Free Markets (5) - Regulation

A market is just a place where a whole lot of people can display their offers. Once we understand this fact, it is obvious that statement about regulation of markets need a little more content, before making sense. Regulating marketing could mean a number of things.

  1. Preventing markets from forming. This does not make sense, because bringing many offers together in one place helps buyers.
  2. Limiting the types of offers that can be made. That does not make sense because an offer is benign. Nothing happens until an offer is accepted, so there is no point in preventing people from making offers, even if they are unrealistic.
  3. Controlling the price range that can specified in offers. Some people would like to ban offers at low prices. Others would like to ban high prices. Both options seem to be pointless, as if prices are too high or too low, whatever that means, people will not accept the offers.
  4. Preventing certain types of people from accepting offers. I suppose children could be prevented from agreeing to purchase cigarettes that are offered to them, but that is really the responsibility of parents. Some suggest that foolish people should be prevented from accepting offers that are unrealistic, but that might be very difficult to assess.
  5. Preventing people making offers that are deceptive or fraudulent. This problem is already dealt with by laws against theft and fraud, so I am not sure that regulation is needed for this problem.

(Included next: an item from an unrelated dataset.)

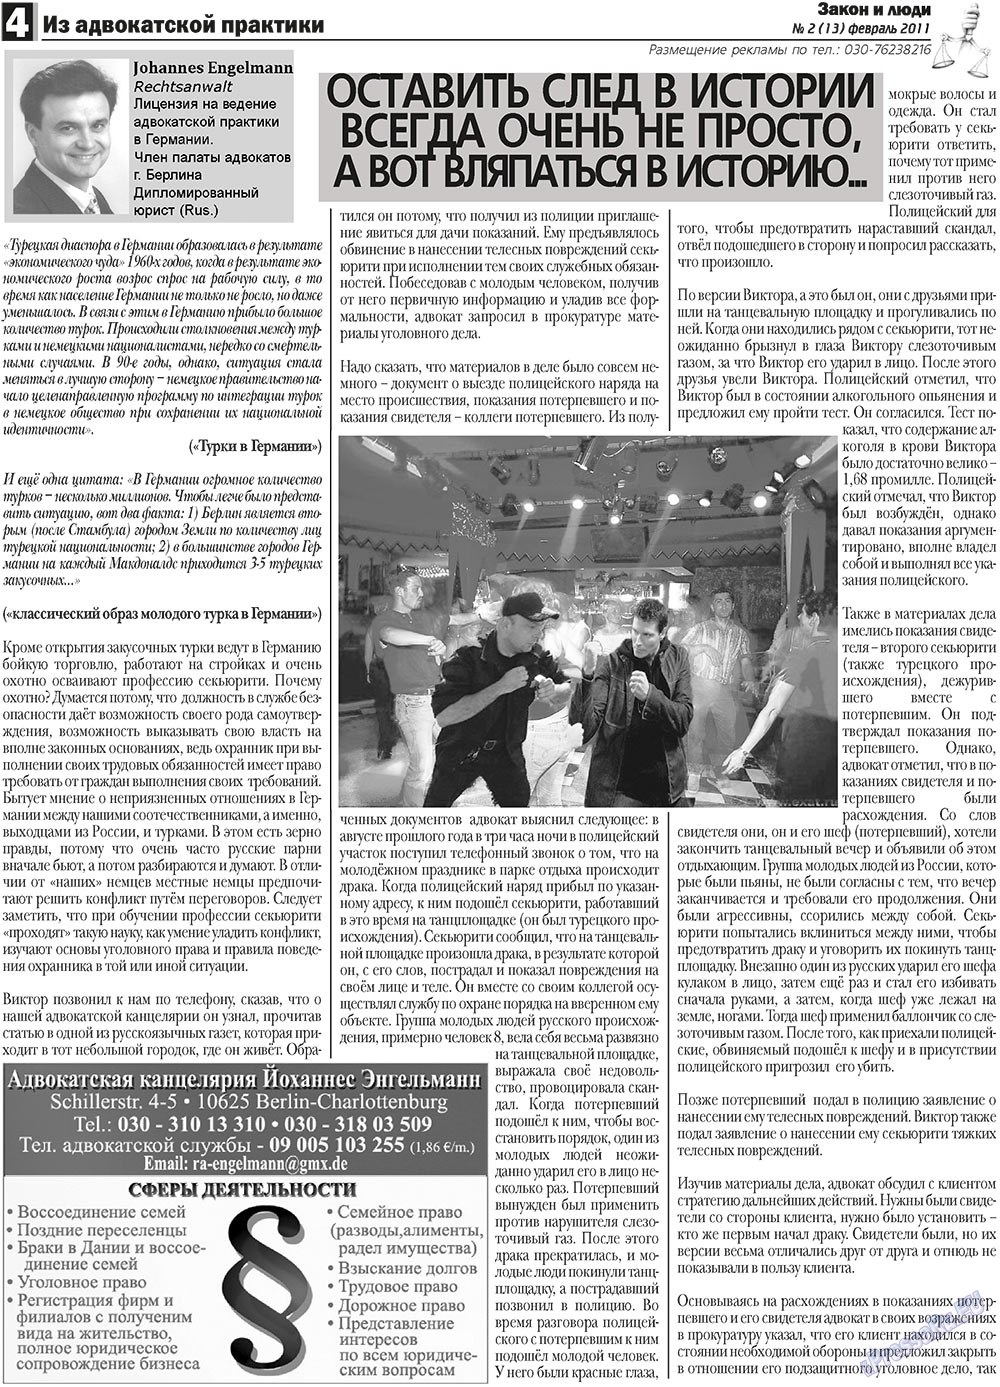 Закон и люди, газета. 2011 №2 стр.4

  6. Enforcing delivery of offered products once the offer has been accepted by a buyer. Laws against theft and breach of contract already deal with the situation where exchanges are not completed, so what can more regulation do.
Markets benefit people by providing information about all the offers that are available. The law already deals with the problems that can arise in a market, so those who want more market regulation must be more precise about what they intend.